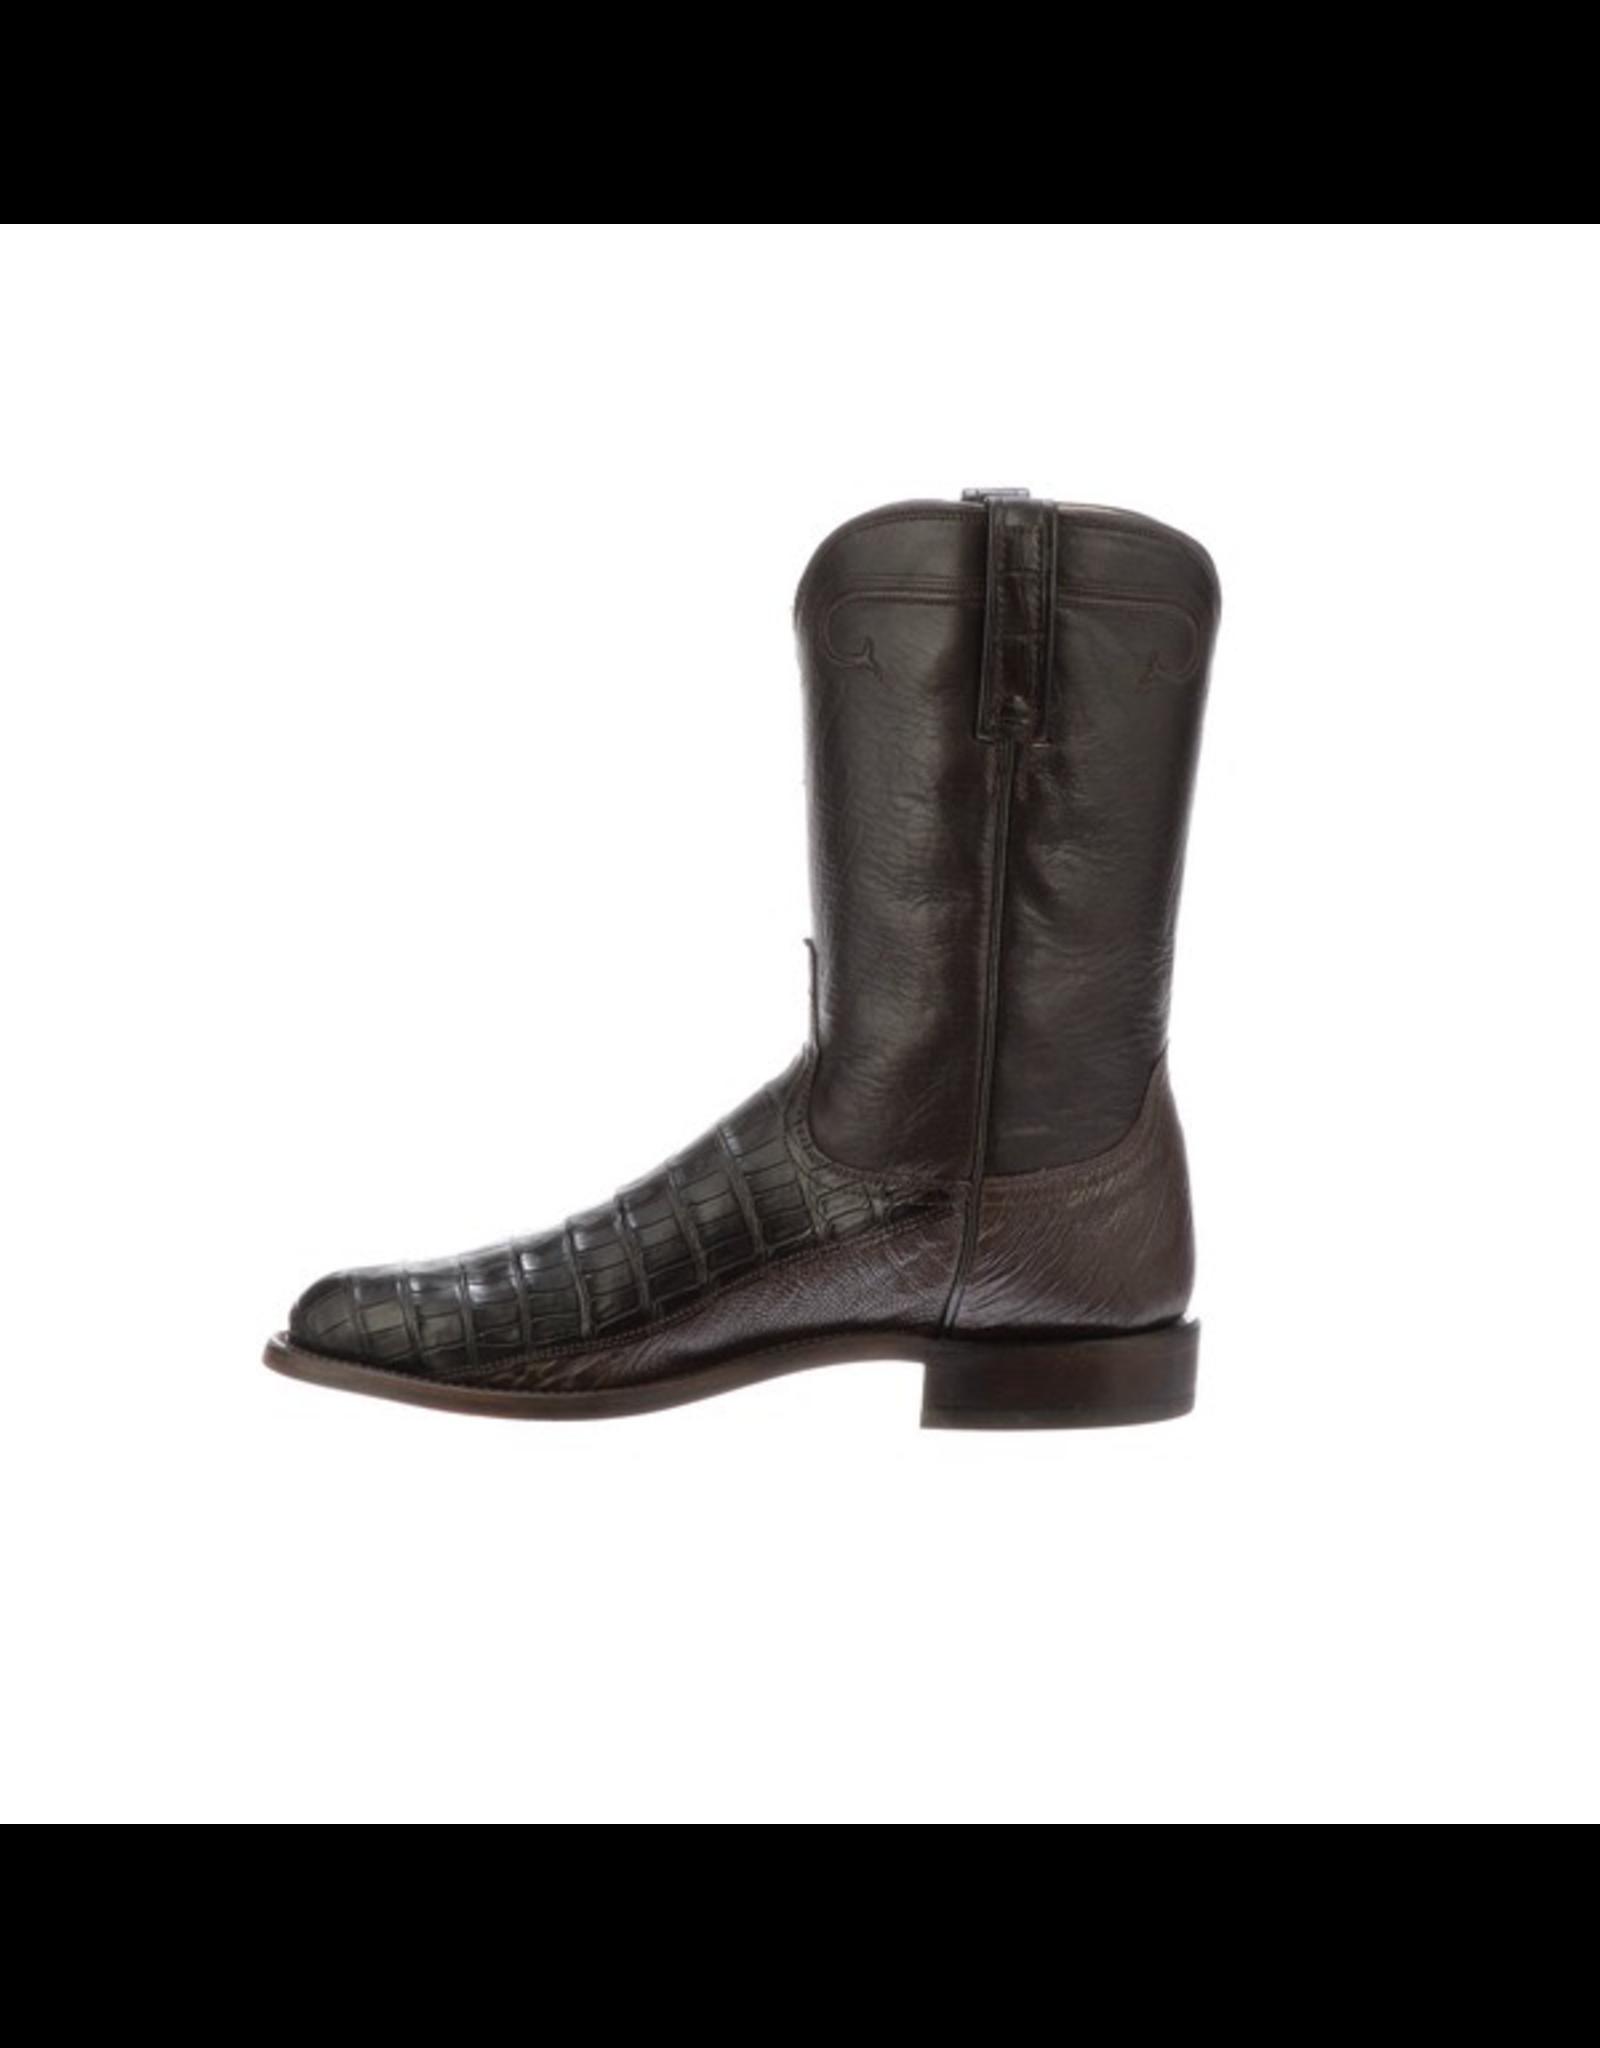 Boots-Men LUCCHESE Gerard Caiman N3050.C2
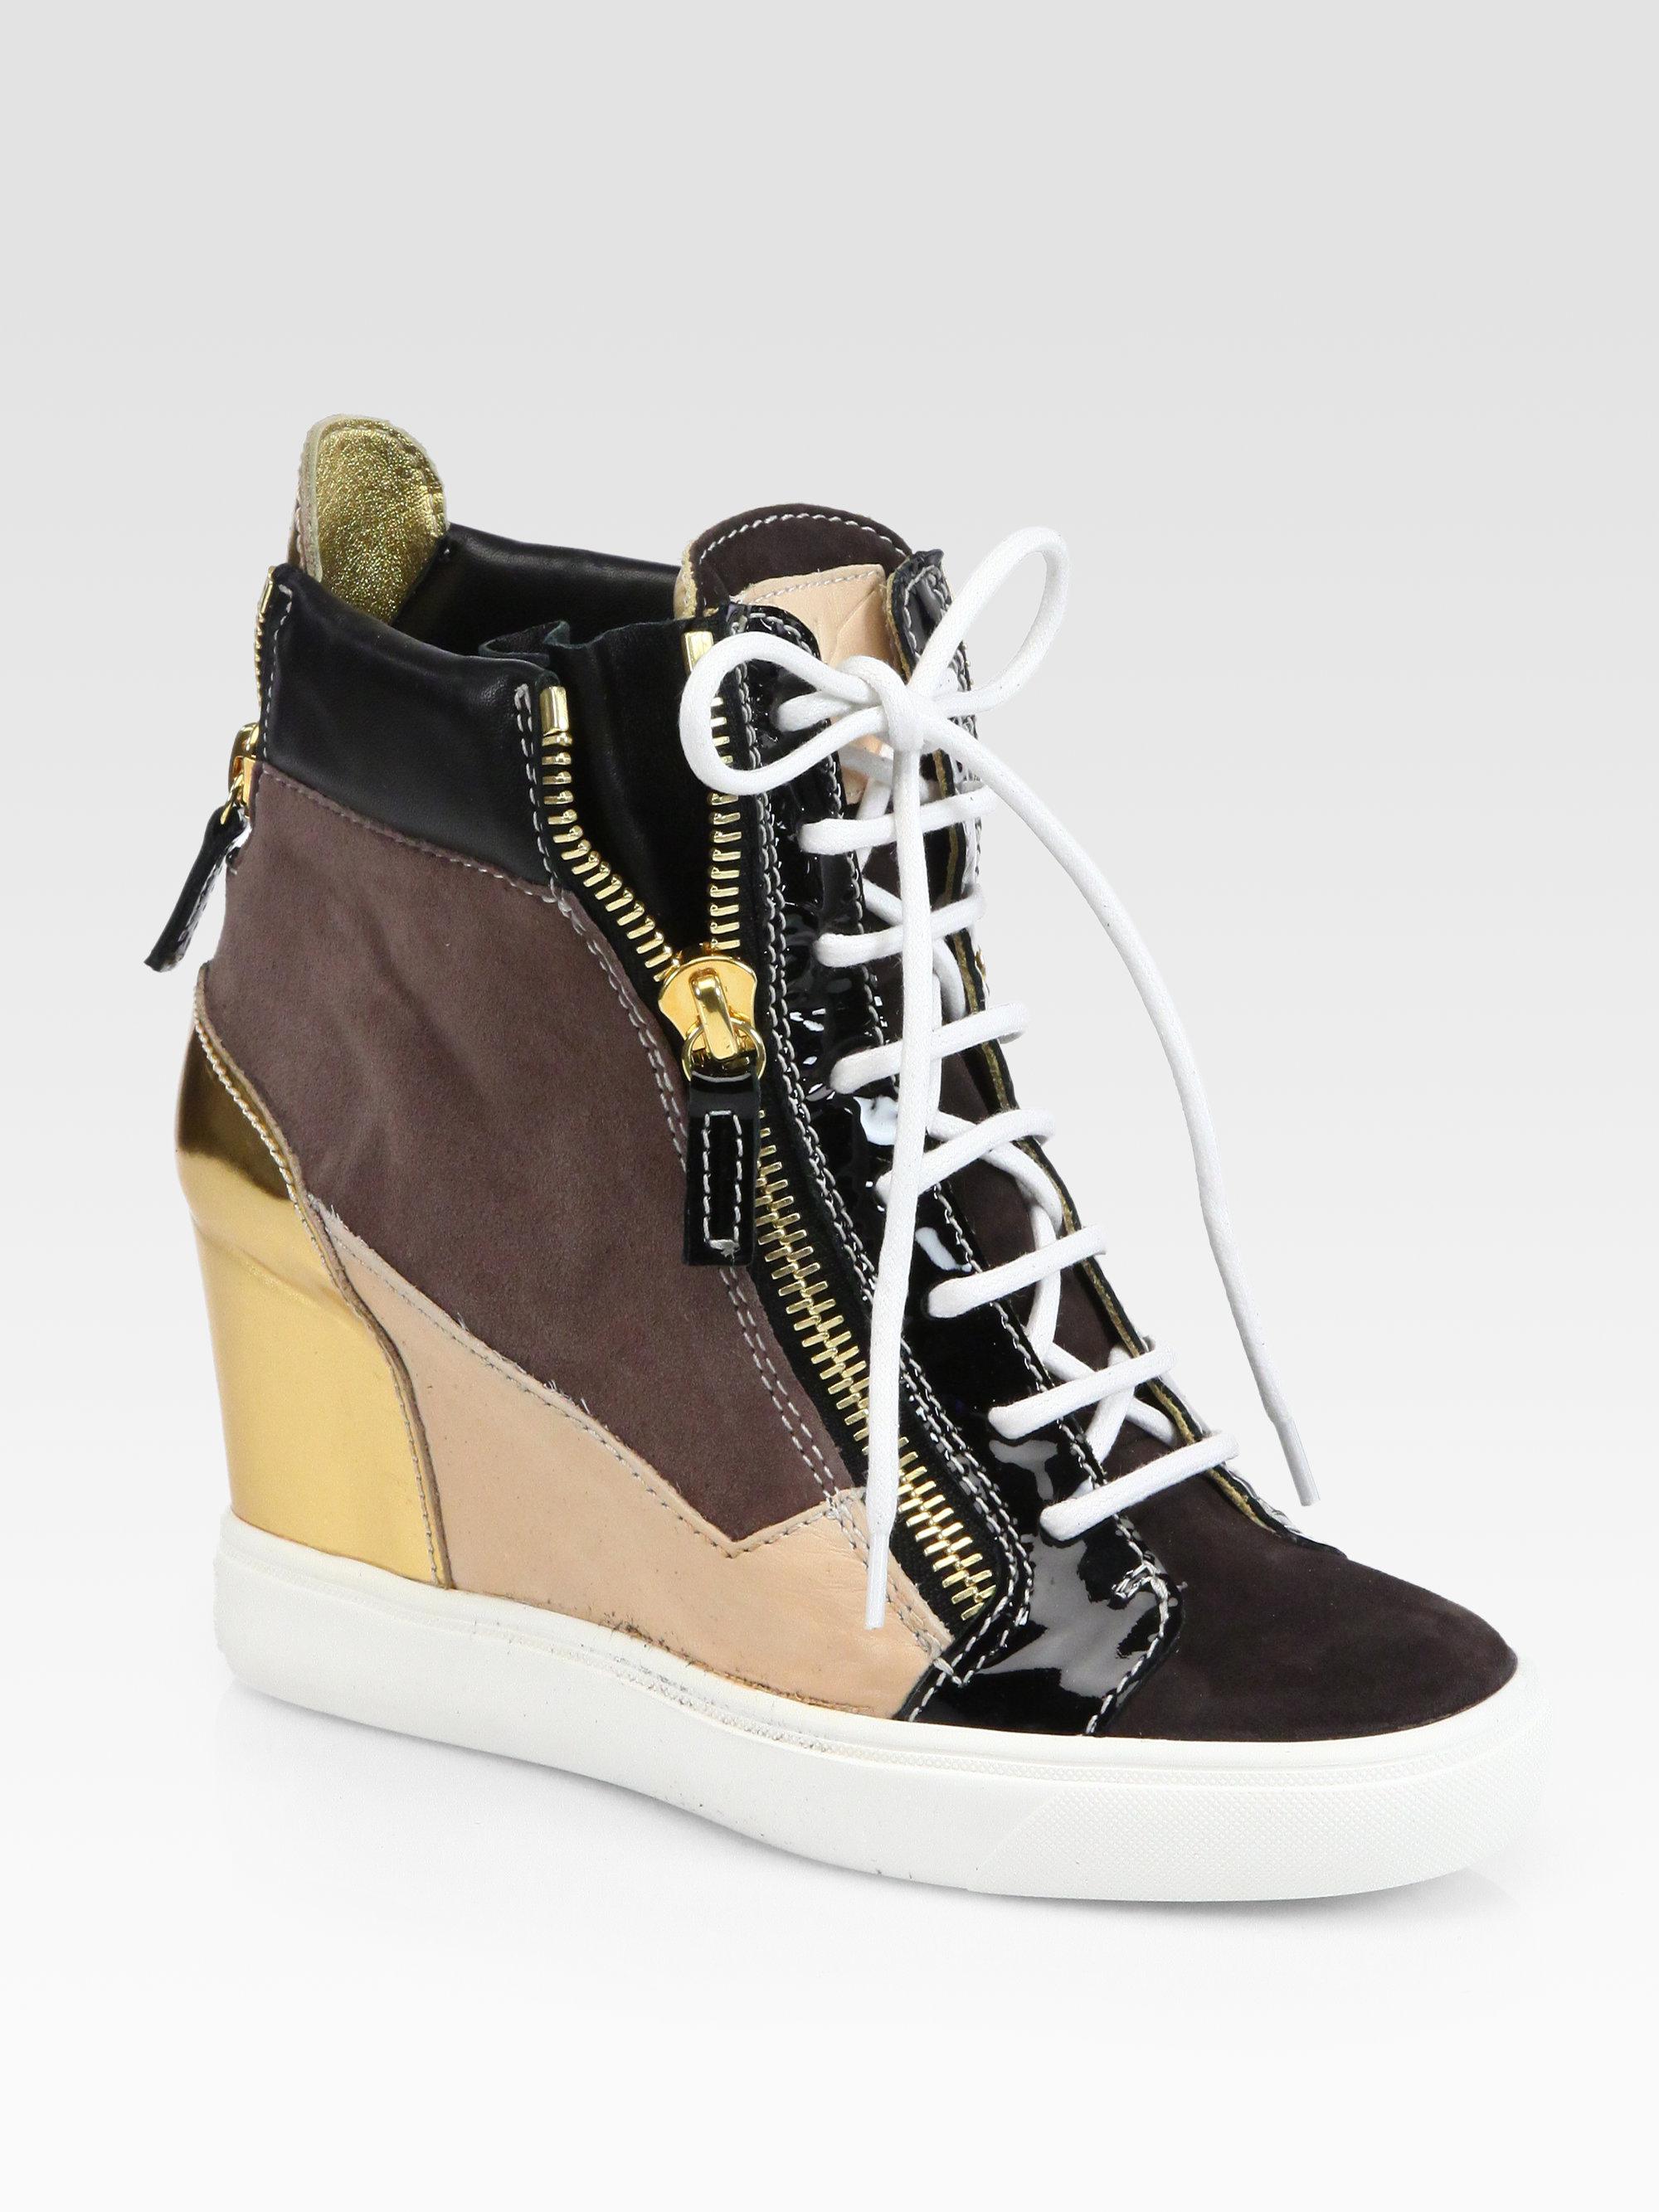 Giuseppe zanotti high heels outlet garden house lazzerini for Zanotti arredamenti
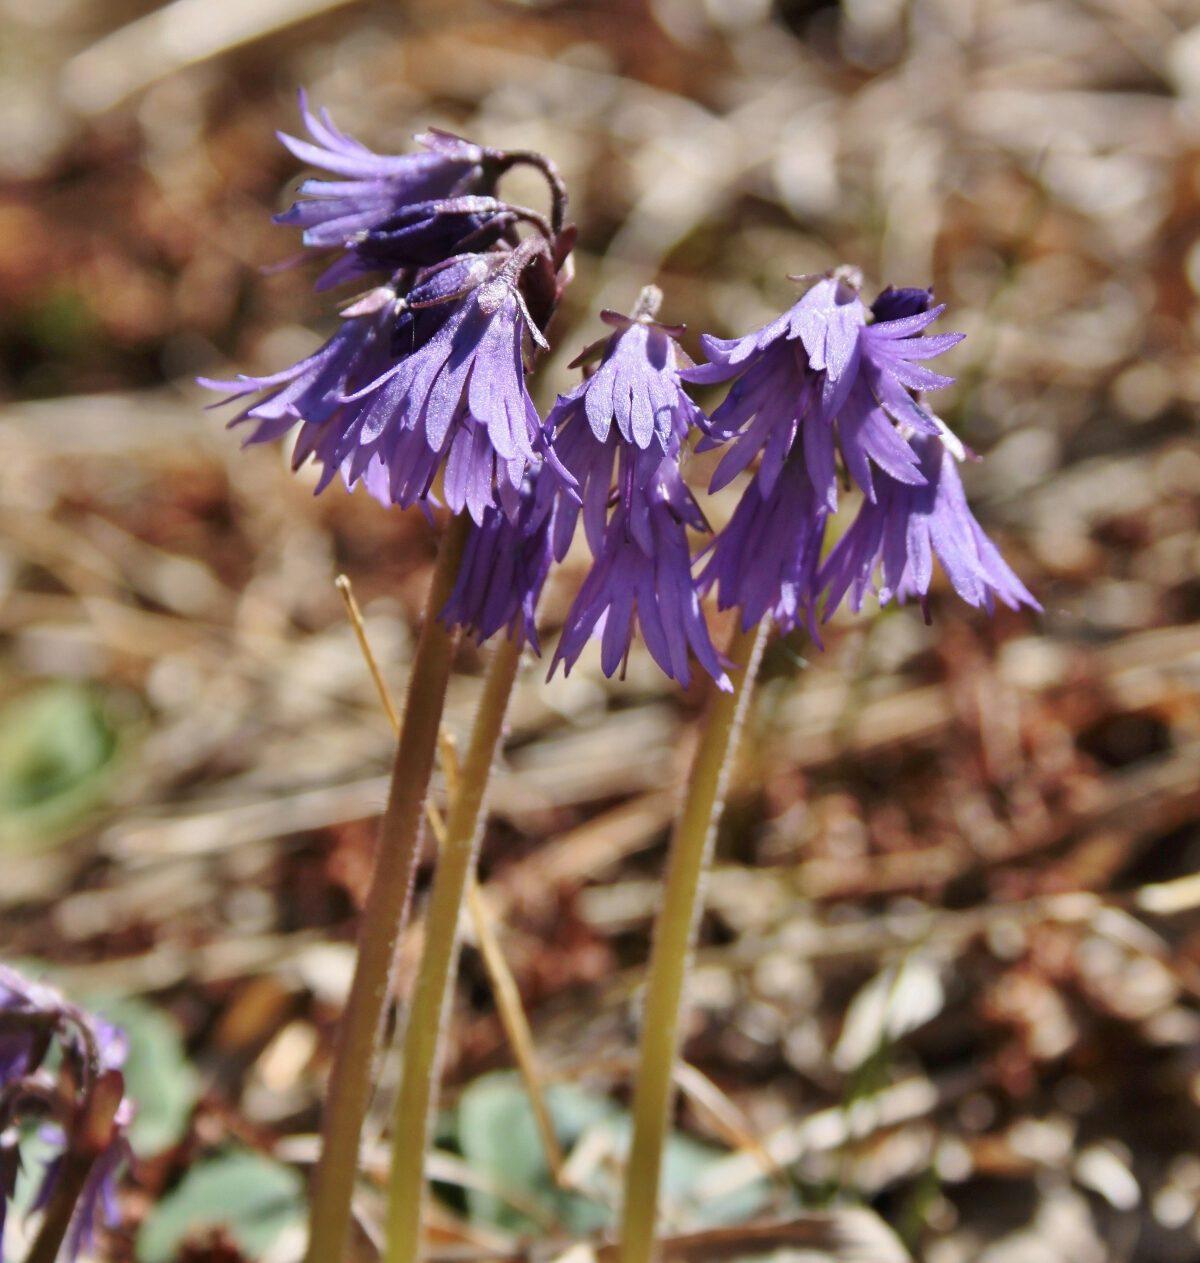 Blüten des Alpen-Glöckchens

○ ○ ○ ○

| What you are asked to do |
Print all data above verbatim, except pictures.

| Task answer |
 Boots-Men LUCCHESE Gerard Caiman N3050.C2
 Giuseppe zanotti high heels outlet garden house lazzerini for Zanotti arredamenti
 Blüten des Alpen-Glöckchens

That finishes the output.